_What you should do_:
For the data below, transcribe the part that opens with the line containing "ST1161-StarTee Ladies' Cotton Boxy T-Shirt" and closes with the line containing "Marcin Horała - wiceminister infrastruktury", exactly and with no pictures.

START Data in this exercise

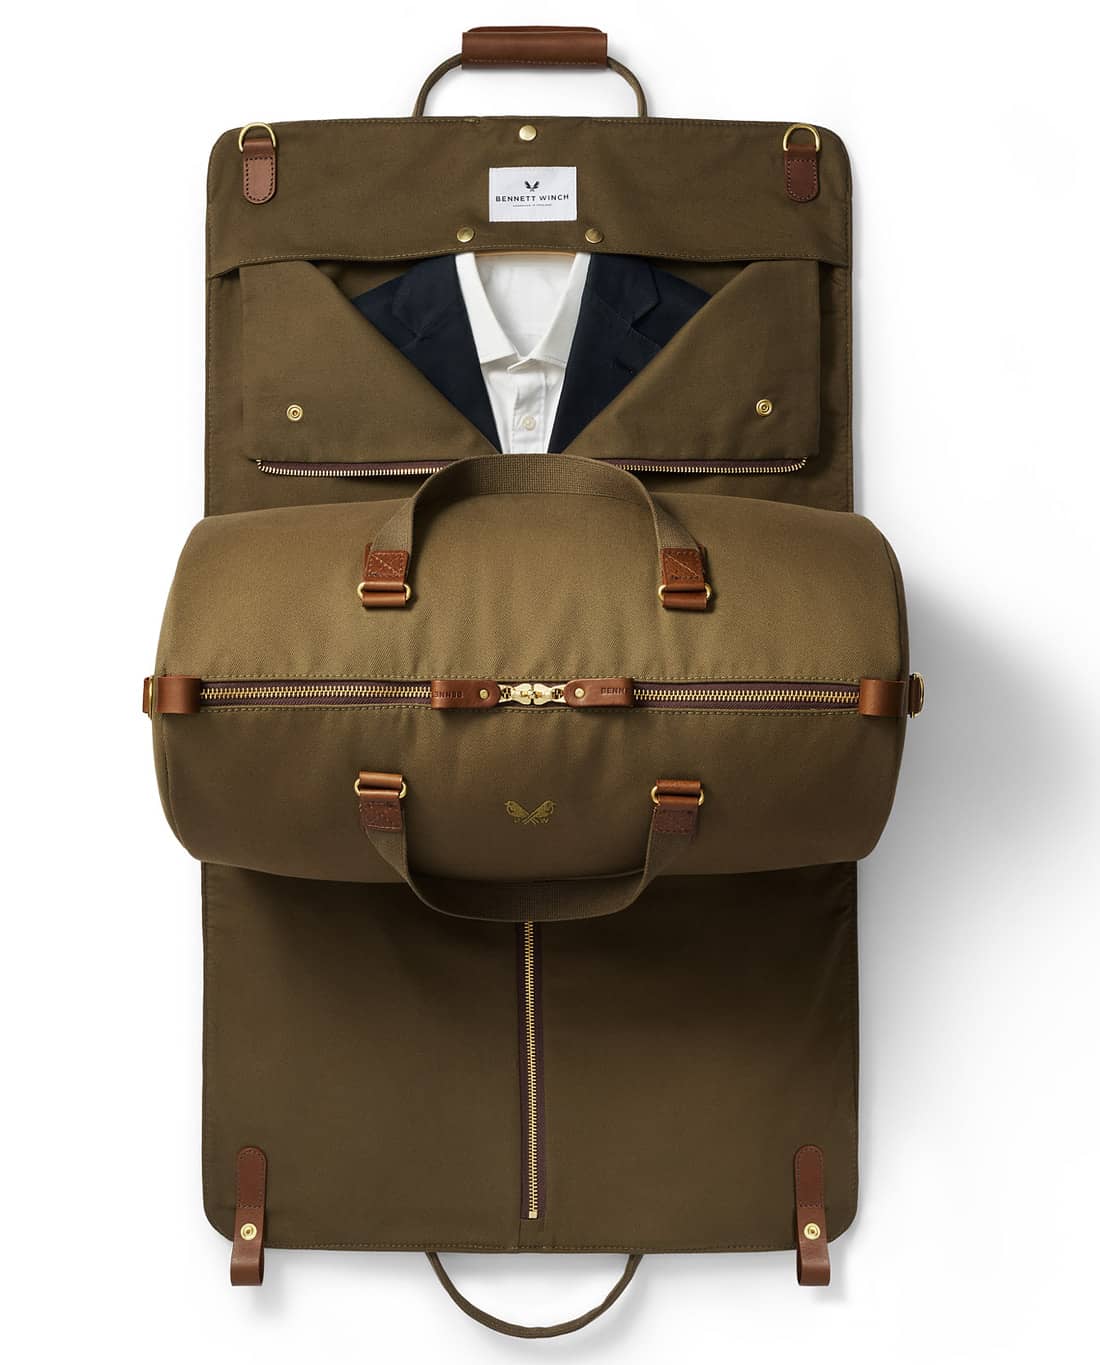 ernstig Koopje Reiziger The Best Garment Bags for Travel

END Data in this exercise
START Data in this exercise

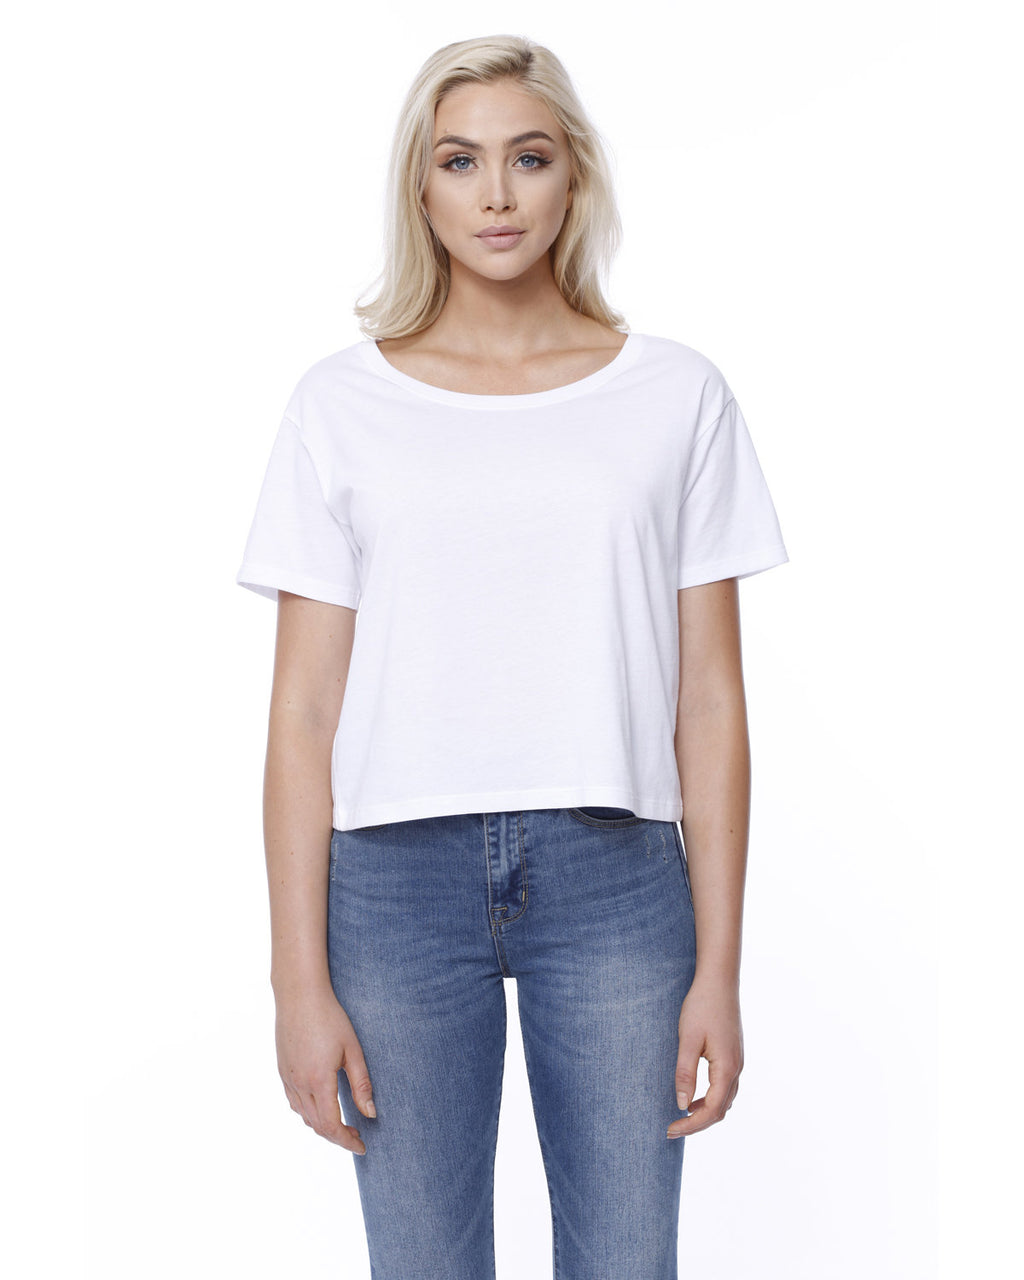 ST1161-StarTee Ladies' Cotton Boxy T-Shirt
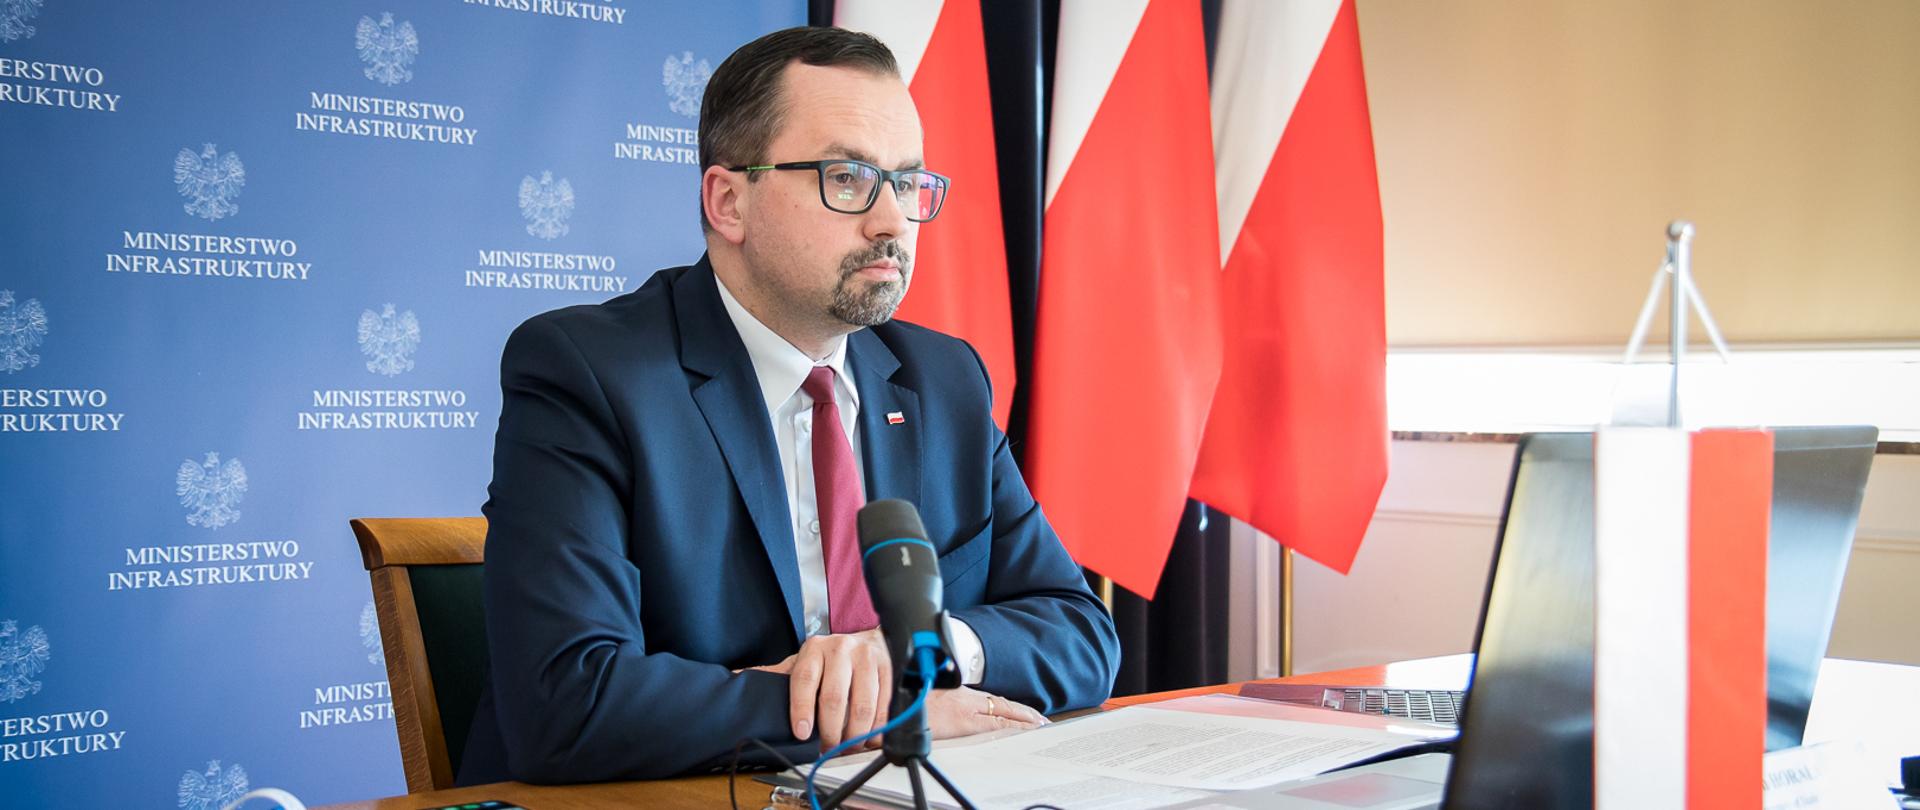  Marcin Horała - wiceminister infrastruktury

END Data in this exercise
START Data in this exercise

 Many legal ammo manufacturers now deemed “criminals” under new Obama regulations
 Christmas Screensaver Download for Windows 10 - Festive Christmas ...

END Data in this exercise

_Completed exercise_:
 ST1161-StarTee Ladies' Cotton Boxy T-Shirt
  Marcin Horała - wiceminister infrastruktury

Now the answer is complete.